I'm assuming your stack looks like mine: gevent has monkey patched everything.
1. fork'ing just doesn't work properly; something about the event loop in the child hangs.
2. You can't easily spawn an honest to god hardware thread anymore. (Since the typical call is monkey patched!) Yes, you can get the original threading module by getting it out of gevents hands, but…
3. …it doesn't compose well. Libraries, in order for gevent to play nice, need special "if gevent then …" sections.
No need for forking or threads, that's the point of async. Yeah there's limitations when CPU bound, but that's python. Fire up a few processes and load balance.
#3 hasn't been an issue for us, monkey patching works well. We've switched to pure python versions of a few libraries. When not available use a pool of instances.
The problem is with some specific features like select.epoll. gevent doesn't support that and will break such code. This includes socketio libraries - we use third party tools like pusher.com and all of them break with python 3.
E.g. https://github.com/benoitc/gunicorn/issues/1494
Gevent explicitly says :
"Given that epoll is more sophisticated than select or poll (e.g., support for edge triggered and level triggered events), I don't know if we can emulate that close enough with the capabilities that libev exposes (we'd need to pass the stdlib tests when monkey-patched), and I don't know what the performance characteristics would be (and if the subtle differences would break apps) "
I don't see a path forward for gevent with these issues in place.
Of course you need threads even with async. When you code blocks for CPU reasons, like handling a heavy HTTP request with lots of calculations, you don't want to stop serving other requests.
It depends. If the calculation can be split into nice chunks you can throw in some gevent.sleep(0) to prevent them from hogging the process. We use python for handling web requests, anything heavy tends to be handed off to another process. It's rare for us but yeah, sometimes you need threads.
First, forking is "firing up a few processes". Yes, you can do that prior to launching your process, and then let gevent just have the process, but you have to be able to do that, and it just doesn't make sense in all contexts. This is what I meant by gevent fights composability.
> or threads
There's a limit to what a single CPU can do, and eventually multiple hardware threads can buy you actual tangible results.
> Yeah there's limitations when CPU bound, but that's python.
My point being that it's very difficult to get to CPU bound when your greenlet library prevents you from taking advantage of threads or processes. "but that's python" implies to me that you think Python is hamstrung to a single thread, and that's not the case: Python is quite capable of not only hardware threads, but performing computation on hardware threads in parallel, simply because not all of my code is in Python. Sometimes, a component knows it needs an honest-to-god HW thread, and the monkey patching fights that.
HW threads additionally lets you run multiple-long running computations; even if they're mutually bound to a single CPU, preemptive multitasking at the OS level (and Python's interpreter occasionally releasing the GIL) will ensure they all get time. In a cooperative greenlet, if you do not yield, you starve the other threads. A library making a long running computation again needs intimate knowledge that at the higher level, greenlets are in use: this breaks layers and mixes responsibilities (greenlets) in where it doesn't belong (some library calculating a thing). Greenlets do not compose.
> We've switched to pure python versions of a few libraries.
And you pretty much have to; if the library called out to C, it would block.
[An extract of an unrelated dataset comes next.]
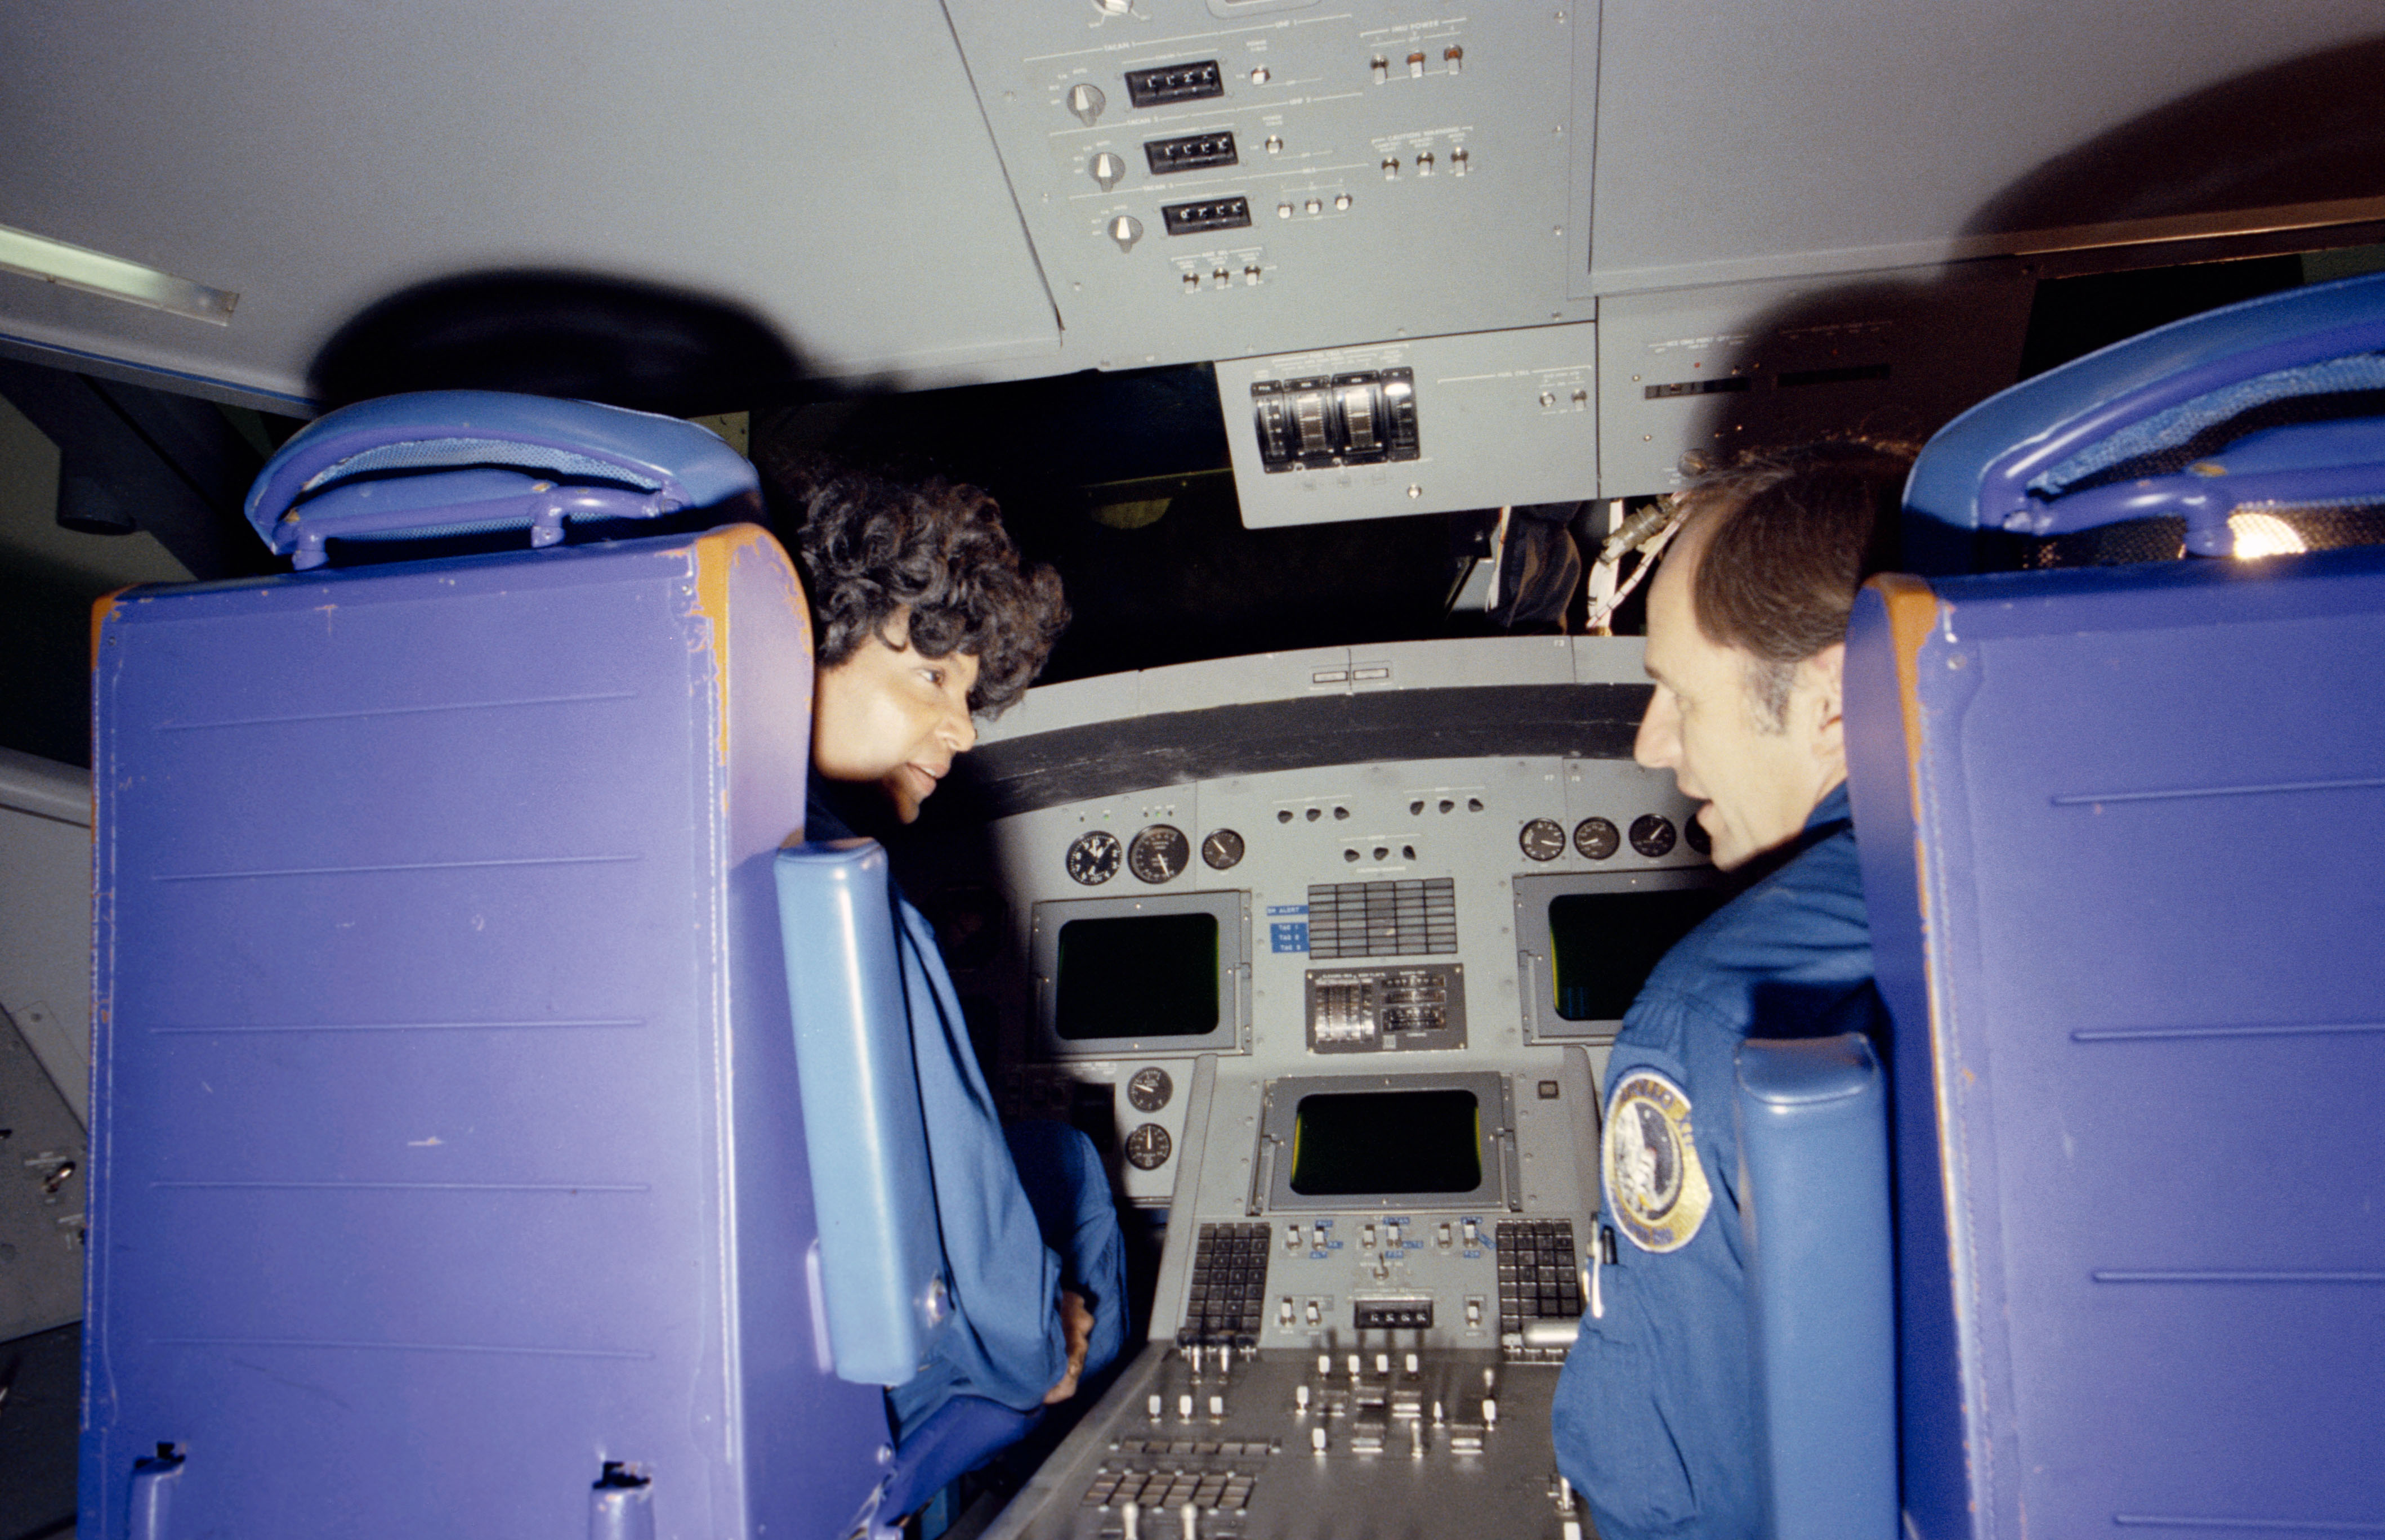 Star Trek cast member Nichelle Nichols, left, in the shuttle simulator with astronaut Alan L. Bean at NASA's Johnson Space Center (JSC) in Houston

But this fights good engineering practices: you can't just implement your library once in the language of choice, and then bind it into another language.
> When not available use a pool of instances.
This depends on what the library does; a "pool" does not necessarily save you. For example, if the library blocks, you need a threadpool (a real one) to process inputs to it.
Libraries exposing an event loop, perhaps with some basic primitives, have a hope of communicating across things like language barriers.
Excellent points, thanks for the thoughtful response. I suppose it depends on the use case and certainly there are limits to gevent, but for our use case--serving and routing web requests, they rarely come up and are easily worked around. In some cases these pain points can be avoided by only patching the libraries you need rather than monkey.patch_all(), other times we can just spawn another process to do the work. I can appreciate that there are workloads where asyncio is better suited than gevent, but gevent is just so easy.
We communicate across languages quite a bit using sockets. A given system may have 20 processes that communicate with each other and the outside world. Most but not all of the python processes use gevent. Composing software with sockets scales well and avoids compatibility issues. It's rare for our python processes to be cpu (or core) bound, but it's easy to be IO bound and that's what gevent solves.
1. fork'ing just doesn't work properly; something about the event loop in the child hangs.
2. You can't easily spawn an honest to god hardware thread anymore. (Since the typical call is monkey patched!) Yes, you can get the original threading module by getting it out of gevents hands, but…
3. …it doesn't compose well. Libraries, in order for gevent to play nice, need special "if gevent then …" sections.